BP chief executive Bob Dudley has said the North Sea remains a heartland for the oil and gas giant which is set to conduct a big exploration programme that could result in it creating jobs.

While BP has axed hundreds of North Sea jobs amid the downturn triggered by the crude price slump and sold off assets to help raise cash, Mr Dudley said the company remains committed to the area for the long term.

“Actually we’re very bullish on the North Sea right now,” said the US executive, who noted BP is engaged in a multi-billion pound investment programme that will involve developing giant new fields and hunting for more.

“We’ve put eight to ten billion pounds into the North Sea over the last number of years and we’re still going with that so there’s deep commitment there,” said Mr Dudley after BP revealed it doubled fourth quarter profits to $400 million (£320m)

In comments to reporters, he indicated the company is nearing the end of a programme intended to get the North Sea portfolio in shape to deal with a potentially long period of relatively low oil prices.
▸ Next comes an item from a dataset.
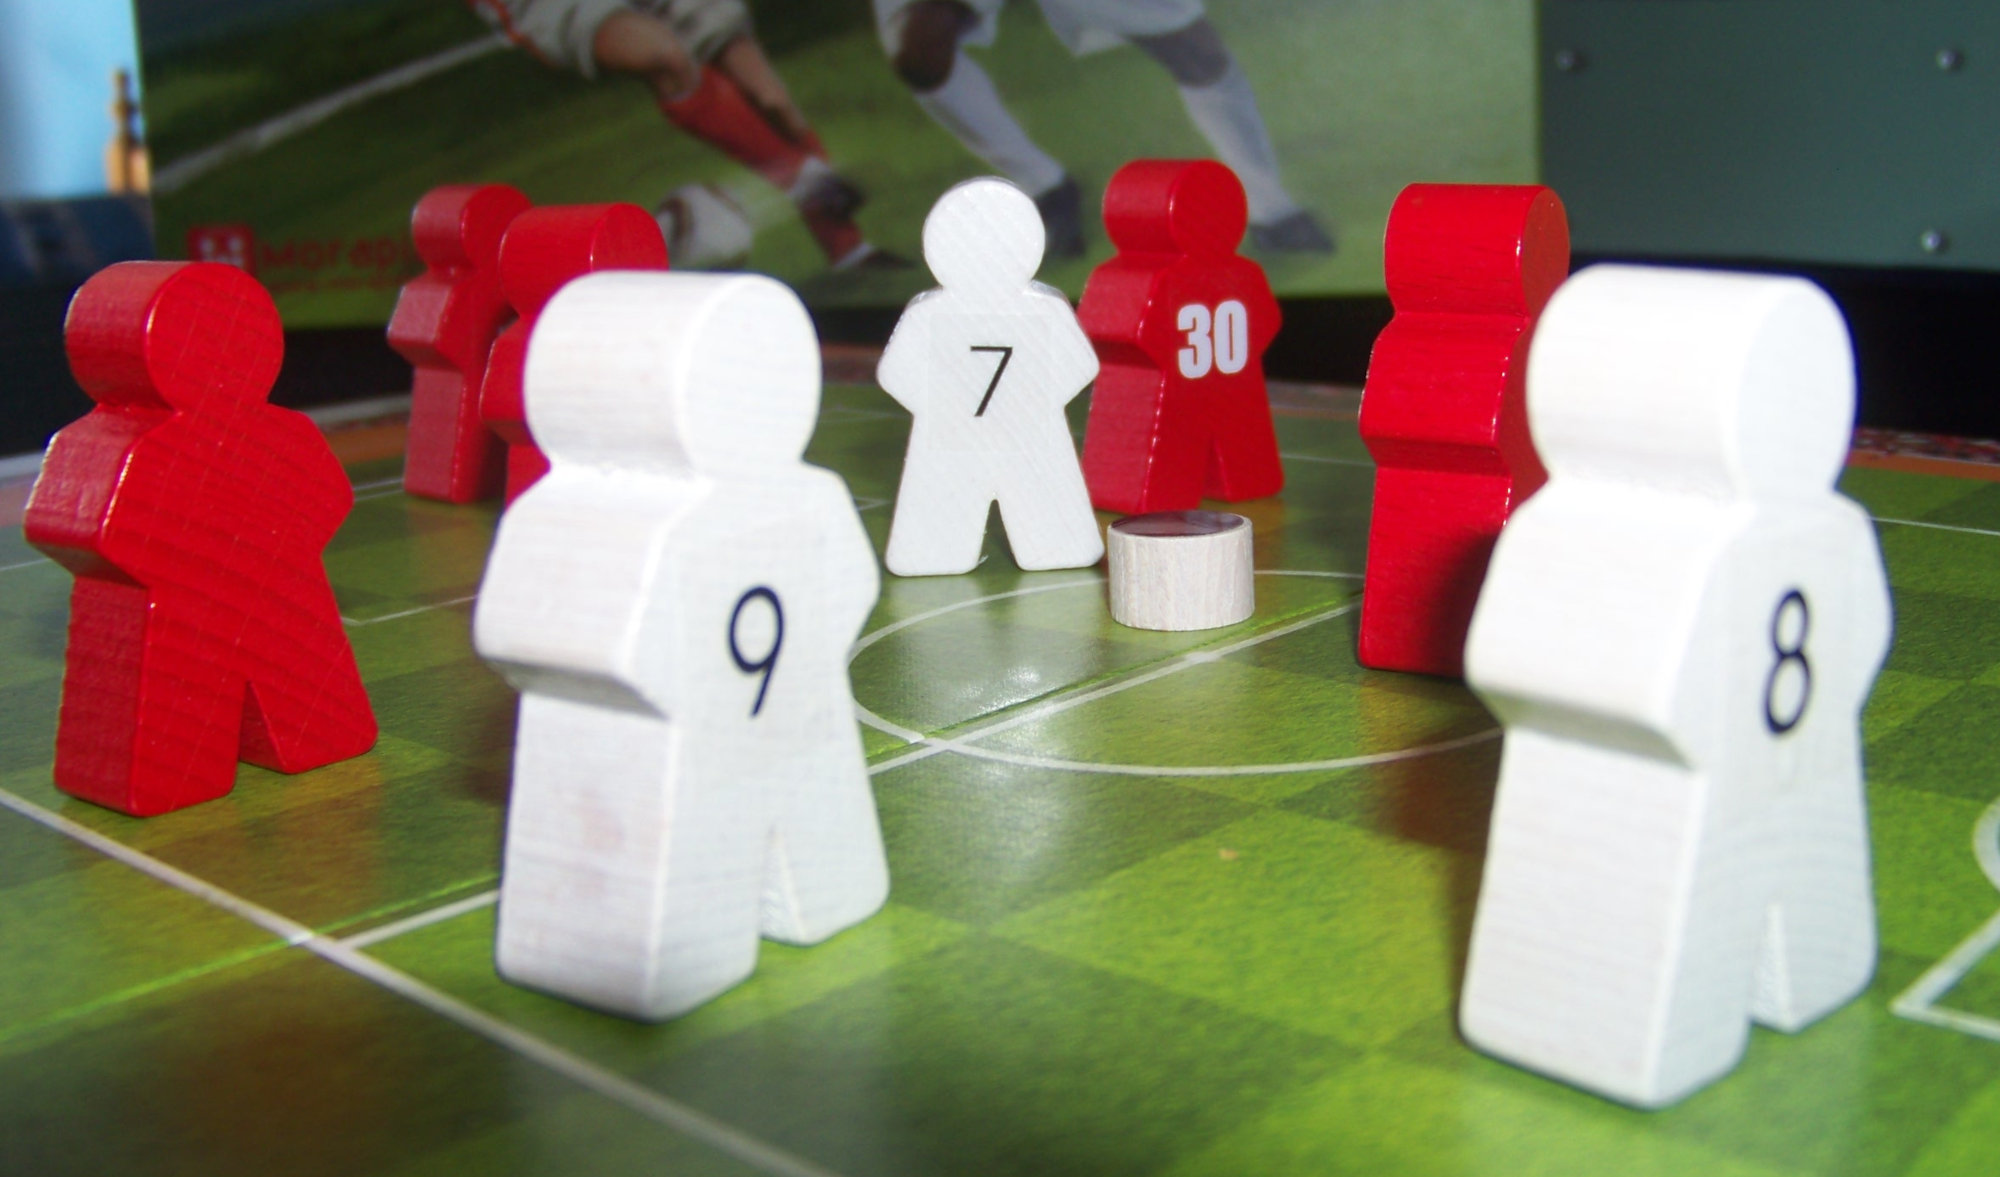 Vista en detalle del juego Mano a Mano.

“I think you’ve seen nothing but commitment from us,” said Mr Dudley. ”We will always be looking for simplifying and making sure we are doing it efficiently but I think the majority of that is behind us.”

The recent deal to sell stakes in the giant Magnus oil field and the flagship Sullom Voe terminal on Shetland to EnQuest was agreed under a plan to reposition BP to focus on developing big new projects rather than running late life assets.

Mr Dudley noted work on developing the huge Clair Ridge and Schiehallion fields West of Shetland is advanced. BP recently doubled its holding in the giant Culzean field, which is operated by Maersk.

The company last year bought into the Jock Scott exploration prospect operated by Statoil.

Mr Dudley added: “We’re planning up to five exploration wells in 2017 and we’ve got 50 development wells over the next three or four years so this is a heartland for BP.”

The company appears to have increased the valuation of some North Sea assets significantly.

BP said it reversed $3billion impairment provisions in the fourth quarter, mainly in respect of assets in the North Sea and Angola.

Pressed on the outlook for jobs, Mr Dudley noted many people are working on the Shetland development projects. “With five exploration wells out there and … the potential of other appraisal wells if we’re successful on these we will be a job generator in the North Sea,” he said.

BP employs around 2,300 in its North Sea business, including staff based onshore in Aberdeen.

Mr Dudley’s comments may boost hopes the North Sea is set on the road to recovery following a long downturn in which firms have slashed investment in the area and shed thousands of jobs.

A study by EY underlined the scale of the challenges faced by oil services firms, which have been hit hard by cuts in spending on new developments and exploration.

The accountancy giant found the UK oilfield services sector suffered a 12 per cent fall in turnover in 2015, the first since the accountancy giant started compiling the figures in 2008. Total turnover fell to £35.7bn in 2015, from £40.6bn in 2014.

Derek Leith, EY partner and head of oil and gas tax, said it is essential oil services firms keep costs under control following the partial recovery in crude prices in the last quarter.

This followed the agreement by Opec countries to limit production to support the market.

BP’s chief financial officer Brian Gilvary said it expects oil to trade in the $50 per barrel to $55/bbl range this year.

Brent crude fetched around $55.40 yesterday. It fell from $115/bbl in June 2014 to $27/bbl in the first quarter of last year.

Mr Dudley said BP made significant strides in creating a stronger platform for growth in 2016 with major field start ups in Algeria and the Gulf of Mexico and strategic additions in places such as the Middle East.

He reckons the company has put the liabilities for the disastrous Gulf of Mexico oil spill in 2010 substantially behind it. The costs of the spill increased by $800m in the fourth quarter to $62.6bn.

BP maintained the fourth quarter dividend at 10 cents per share.

The annual profit fell to $2.6bn from $5.9bn on the replacement cost measure monitored by analysts.

Earnings in the downstream refining and marketing arm fell to $880m from $1.2bn in the fourth quarter last year. The oil price rise has impacted refining margins. The upstream business surprised on the upside, with a $400m profit compared with a $700m loss last time.

Analysts at Barclays said the results were somewhat disappointing, with fourth quarter earnings around 30 per cent below the consensus forecast.

Shares in BP closed down 4 per cent, 19.45p, at 457.1p.